The current law regulates the Indiana Spinal Cord and Brain Injury Research Fund that was established in 2007.  This fund is a godsend.  The fact that our state recognizes the importance of addressing traumatic injury puts Indiana ahead of many others in a changing paradigm of neurologic research and recovery.

The fund receives about 1.5 million dollars per year from vehicle registrations.  Under the current law, this money can only be used for research purposes. Last year 9 researchers received grants for various projects, and this incredible work needs to continue.  Unused money in the fund rolls over to the next year. There is currently more than 4.5 million dollars available in the fund.  Senator Miller’s bill will continue to fund research programs.  However, it will also allow the board that administers the fund to consider grants for specialized long-term therapy PROGRAMS. 

These programs will INCREASE clinical research opportunities by potentially providing an ENVIRONMENT for research to take place, while treating patients in the process.  A sandbox can be created for educators, students and researchers.

The current 9-member board has been an outstanding steward of the fund.  They are experienced and well qualified to evaluate the grant applications to ensure that good stewardship continues.  The language in this bill helps ensure that only specialized programs would be eligible for application.
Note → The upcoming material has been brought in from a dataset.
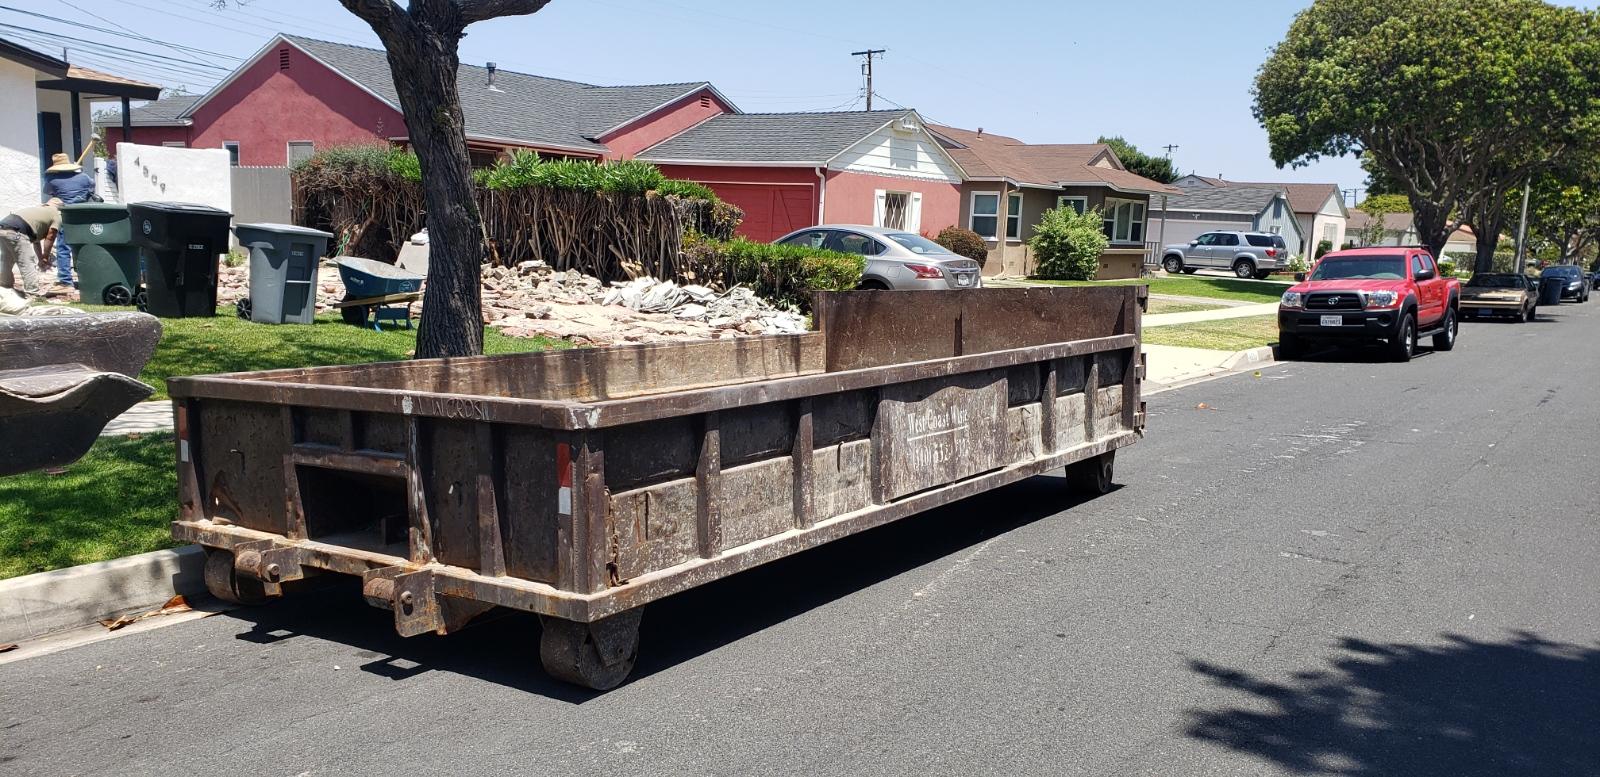 Concrete dumpster rental in Torrance
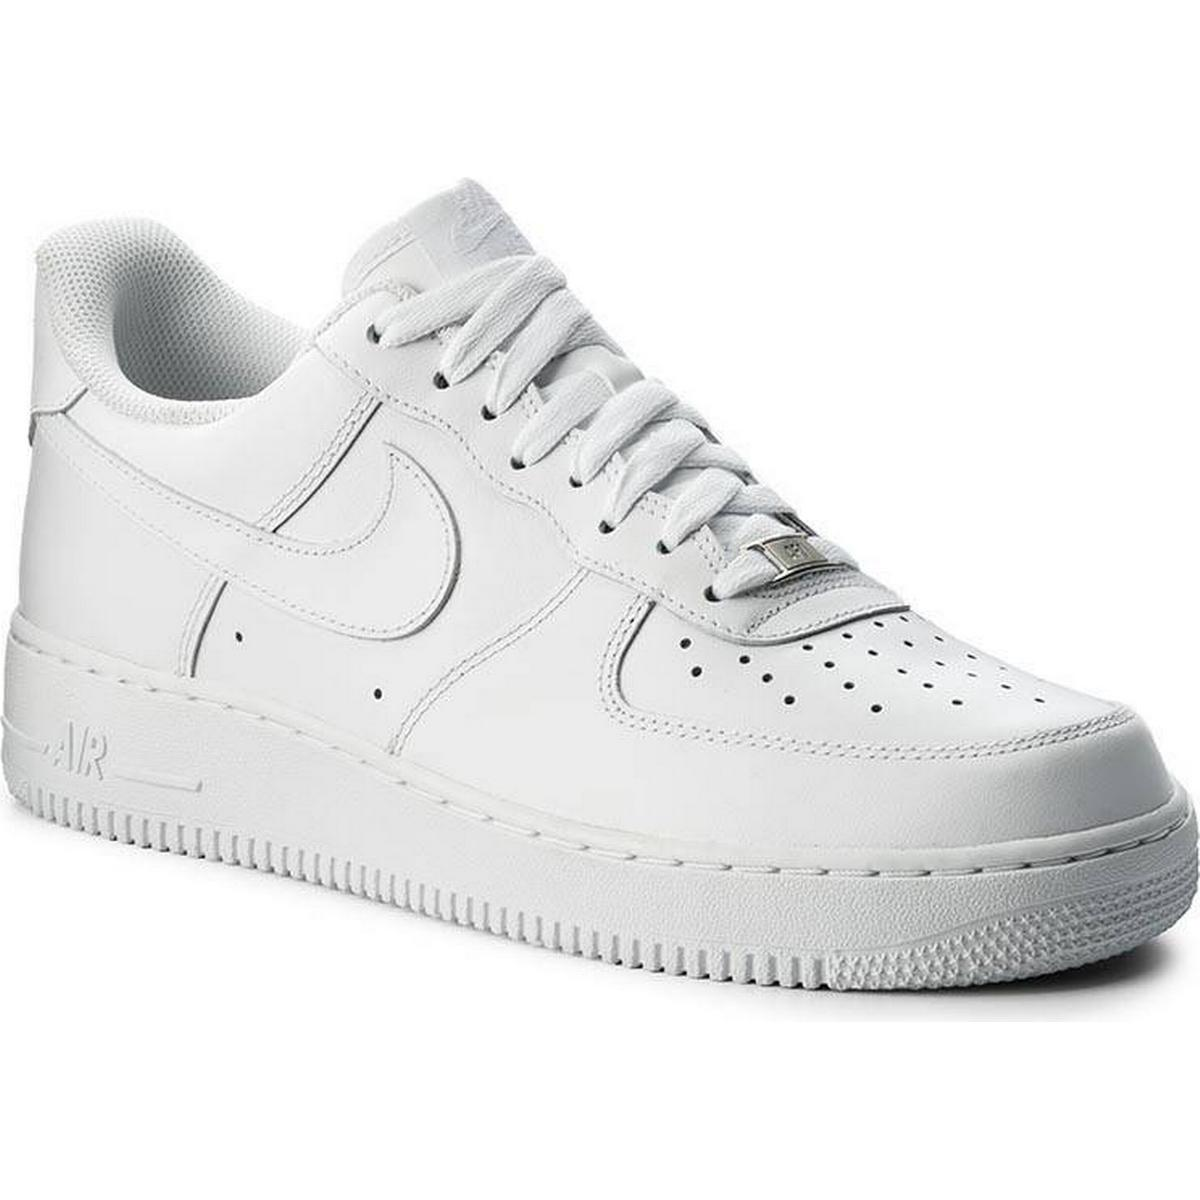 Nike air force 1 sage low dam • Hitta lägsta pris hos

It’s an exciting time in neurologic research.  The last 12 months have seen breakthroughs in laboratories and therapy gyms around the world, and medical organizations are aggressively seeking funds to continue research that they hope may bring them closer to a cure.   Directly linked to that research is the need for an incredible amount of rehabilitative therapy that in the current health care system is difficult to receive.

The packets you have been provided show a model of this changing paradigm in neurologic recovery.  Today’s current model consists of only two stages: Inpatient stay followed by limited outpatient visits.  That’s it. 

The continuum of care should involve a 4-stage process.  We need a 3rd stage of extended rehabilitation and activity-based therapy that focuses on re-educating the nervous system, and we need a 4th stage of long-term health and wellness that is critically important for those of us living with disabilities.  This is an element that is just as important as the recovery stage, and cannot be overlooked.  Individuals less fortunate in their recovery need wellness programs in place to maintain their bodies and all the complications that come hand-in-hand with paralysis.  They need to prevent pressure sores, maintain muscle and bone integrity, and more, to promote their quality of life and keep them out of the health care system.  Programs like this are working in other communities – I’ve toured and met with the leaders of 7 of them – and they will work here as well.

Also in the packet, you will find the most recent report of the Indiana SCI and Brain Injury Fund and a description of the program.

Finally, the packet includes a report from the Utah Department of Health that shows the potential positive impact of this bill.  The state of Utah has set up a similar fund for therapy and treatment and has had great success in returning individuals to work and school, and improving their overall quality of life.   Some of the grants went to the unique facility that I attended, and to which I owe so much of my recovery.

The future of neurologic recovery relies on innovate research AND long-term programs for individuals outside the boundaries of traditional care.   This bill will put the board in position to address both.